Sexual transmission of the [Het-s] prion leads to meiotic drive in Podospora anserina
Dalstra, H.J.P. ; Swart, K. ; Debets, A.J.M. ; Saupe, S.J. ; Hoekstra, R.F. - \ 2003
Proceedings of the National Academy of Sciences of the United States of America 100 (2003). - ISSN 0027-8424 - p. 6616 - 6621.
fungus podospora-anserina - heterokaryon incompatibility - spore killer - filamentous fungi - neurospora - protein - elements - products - meiosis - analog
In the filamentous fungus Podospora anserina, two phenomena are associated with polymorphism at the het-s locus, vegetative incompatibility and ascospore abortion. Two het-s alleles occur naturally, het-s and het-S. The het-s encoded protein is a prion propagating as a self-perpetuating amyloid aggregate. When prion-infected [Het-s] hyphae fuse with [Het-S] hyphae, the resulting heterokaryotic cells necrotize. [Het-s] and [Het-S] strains are sexually compatible. When, however, a female [Het-s] crosses with [Het-S], a significant percentage of het-S spores abort, in a way similar to spore killing in Neurospora and Podospora.
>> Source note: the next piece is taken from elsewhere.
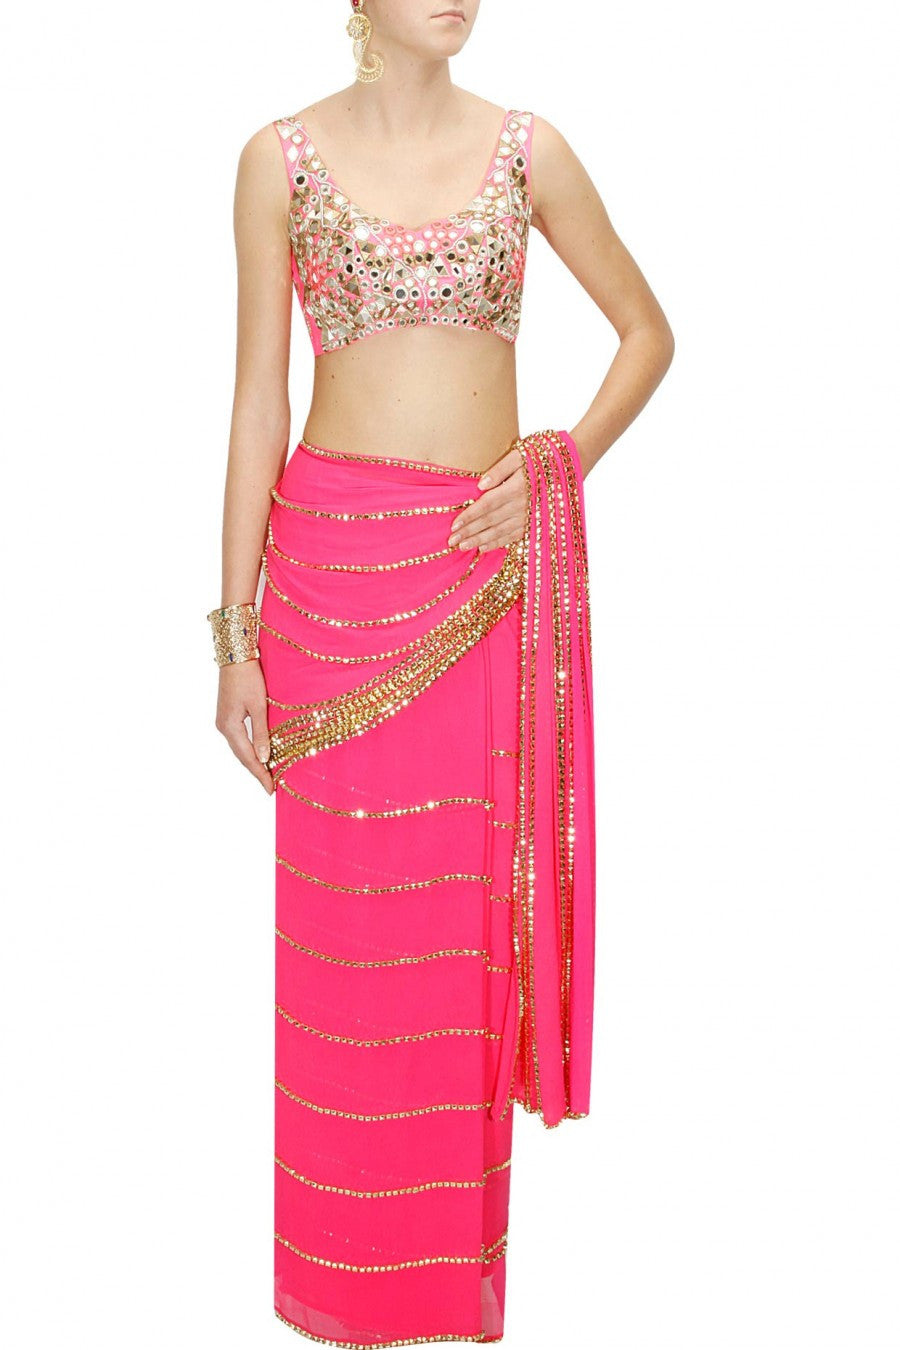 Pink colour sari at Panache Haute Couture

We report here that sexual transmission of the [Het-s] prion after nonisogamous mating in the reproductive cycle of Podospora is responsible for the killing of het-S spores. Progeny of crosses between isogenic strains with distinct wild-type or introduced, ectopic het-s/S alleles were cytologically and genetically analyzed. The effect of het-s/S overexpression, ectopic het-s/S expression, absence of het-s expression, loss of [Het-s] prion infection, and the distribution patterns of HET-s/S-GFP proteins were categorized during meiosis and ascospore formation. This study unveiled a het-S spore-killing system that is governed by dosage of and interaction between the [Het-s] prion and the HET-S protein. Due to this property of the [Het-s] prion, the het-s allele acts as a meiotic drive element favoring maintenance of the prion-forming allele in natural populations.